About the Company: Diagnexia, a subsidiary of Deciphex: Accelerating Certainty and Pioneering Pathology Services. Diagnexia, a leading provider of pathology services, operates as a subsidiary of the parent company, Deciphex. Established in Dublin in 2017, Deciphex has rapidly expanded to become a global team of over 230 professionals, offering innovative software solutions to address the pathology gap in both research and clinical areas. With a mission to accelerate the drug development process and provide timely, accurate diagnoses for cancer patients, Deciphex has established a strong presence through its offices in Dublin, Exeter, Oxford and Chicago. As part of the Deciphex family, Diagnexia leverages its expertise to provide cutting-edge diagnostic solutions to healthcare organizations worldwide. Our cloud-based platform enables hospitals to easily and rapidly send cases for a consultation to our team of expert subspecialists. We are dedicated to improving patient outcomes and helping healthcare organisations stay at the forefront of the industry. We are software developers, clinical specialists, AI engineers, operations professionals and so much more, all working as one team to support our customers and patients. Our team culture is built on trust. We give our team the space they need to deliver results and the environment to ensure they can enjoy doing it. We are looking for a highly motivated individual who is excited to take on challenges and value making a difference in their day-to-day work. This is a unique opportunity to make a difference in the emerging Digital Pathology field.
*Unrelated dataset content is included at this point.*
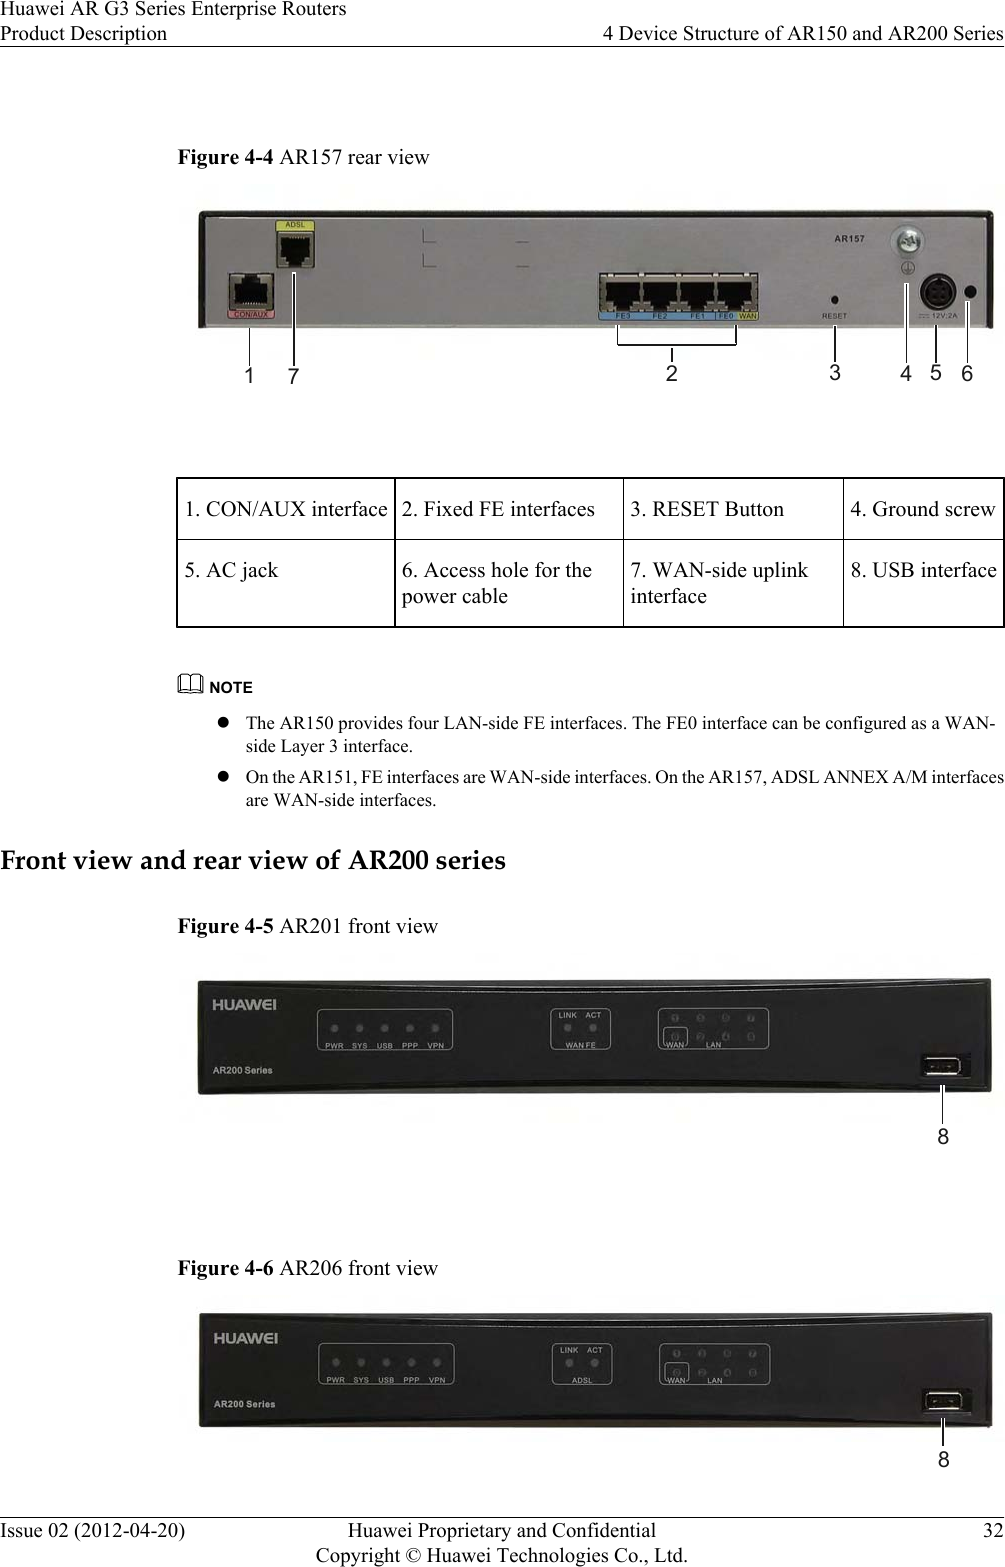  Figure 4-4 AR157 rear view7123564 1. CON/AUX interface 2. Fixed FE interfaces 3. RESET Button 4. Ground screw5. AC jack 6. Access hole for thepower cable7. WAN-side uplinkinterface8. USB interfaceNOTElThe AR150 provides four LAN-side FE interfaces. The FE0 interface can be configured as a WAN-side Layer 3 interface.lOn the AR151, FE interfaces are WAN-side interfaces. On the AR157, ADSL ANNEX A/M interfacesare WAN-side interfaces.Front view and rear view of AR200 seriesFigure 4-5 AR201 front view8 Figure 4-6 AR206 front view8Huawei AR G3 Series Enterprise RoutersProduct Description 4 Device Structure of AR150 and AR200 SeriesIssue 02 (2012-04-20) Huawei Proprietary and ConfidentialCopyright © Huawei Technologies Co., Ltd.32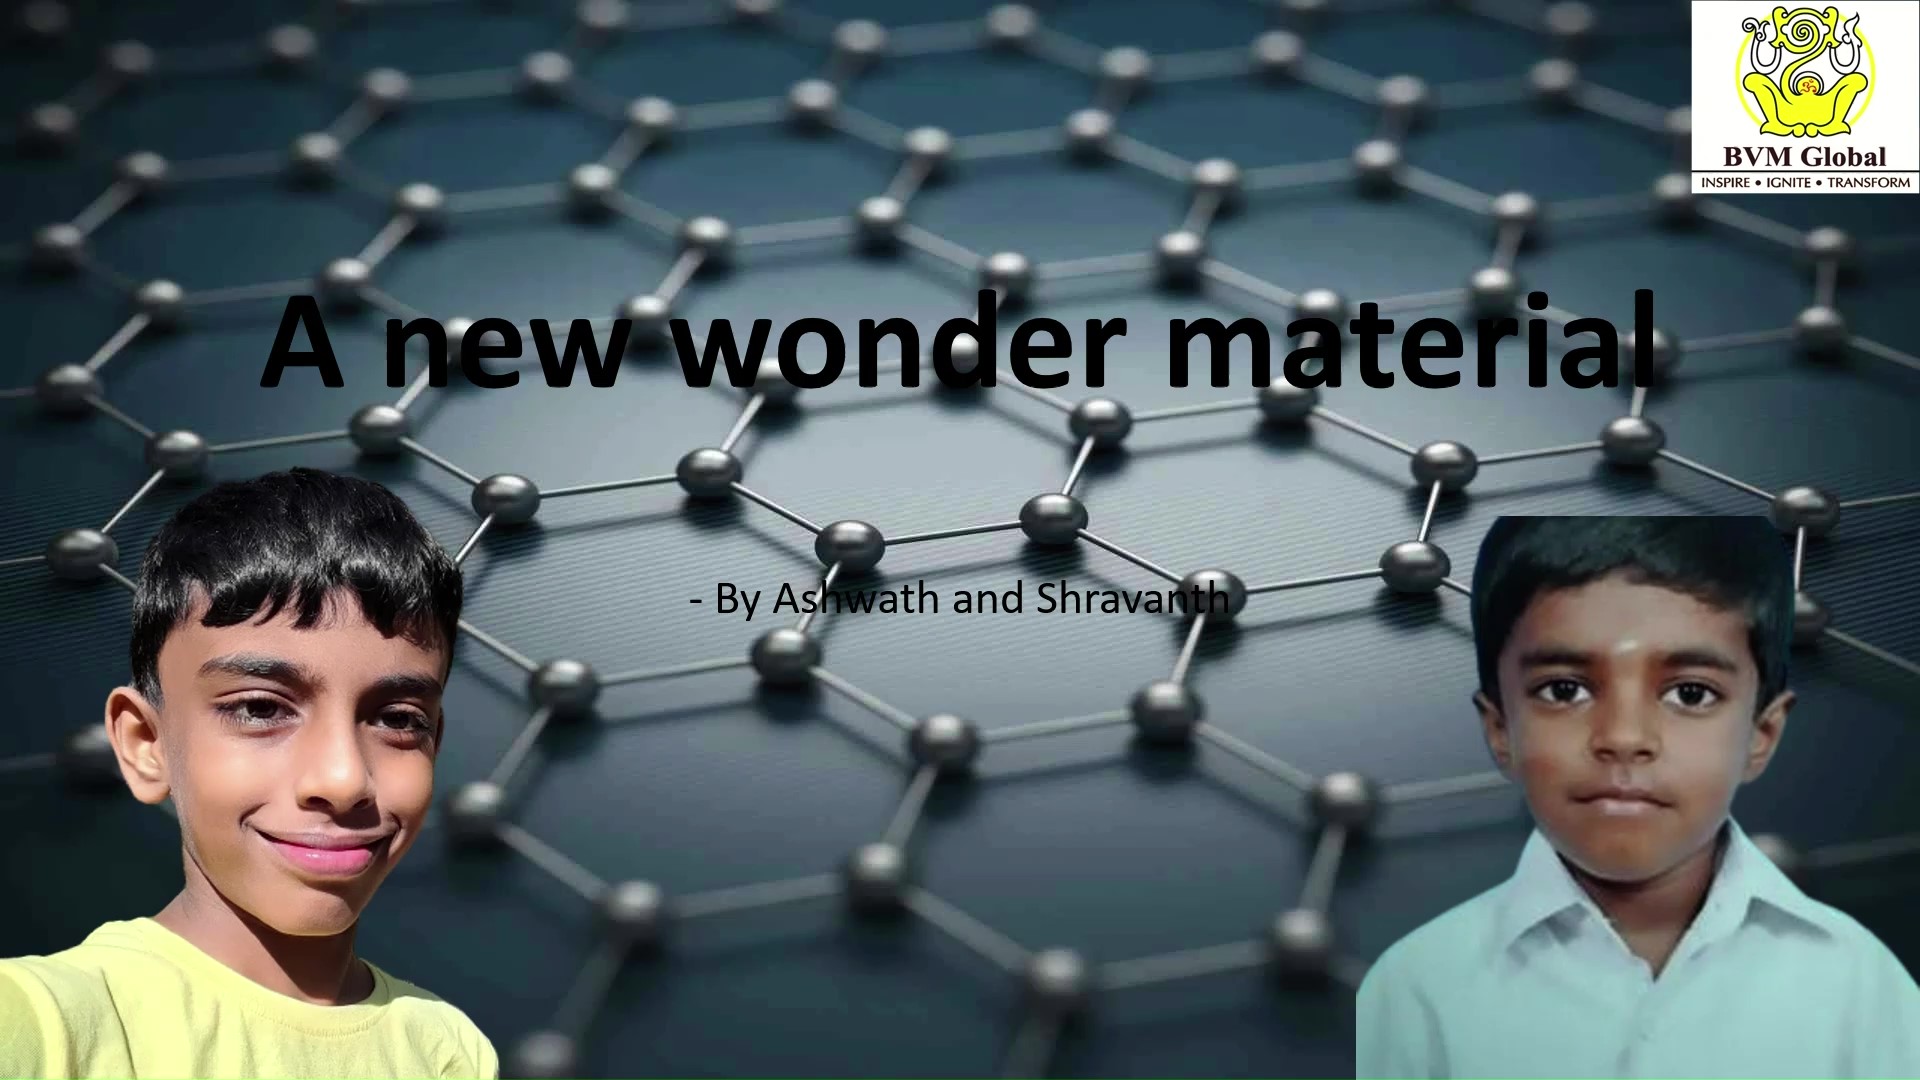 Podcast A New Wonder Material by Ashwath and Shravanth

What are the benefits of working with Diagnexia?

• Competitive salary.
• Healthcare benefits.
• Competitive annual leave.
• A true sense of meaning in your work by contributing to better patient outcomes.
• The opportunity to work alongside a world-class high performing team in a hyper-growth startup environment.
• A chance to work on exciting, challenging and unique projects.
• Regular performance feedback and significant career growth opportunities.
• A highly collaborative and supportive multi-cultural team.

Deciphex is an equal opportunities employer and we are committed to the principle of equality. All qualified applicants will be considered for employment without regard to age, race, religious beliefs, political views, gender identity, affectional or sexual orientation, national origin, family or marital status (including pregnancy), disability, membership of the travelling community or any other classification protected by applicable law.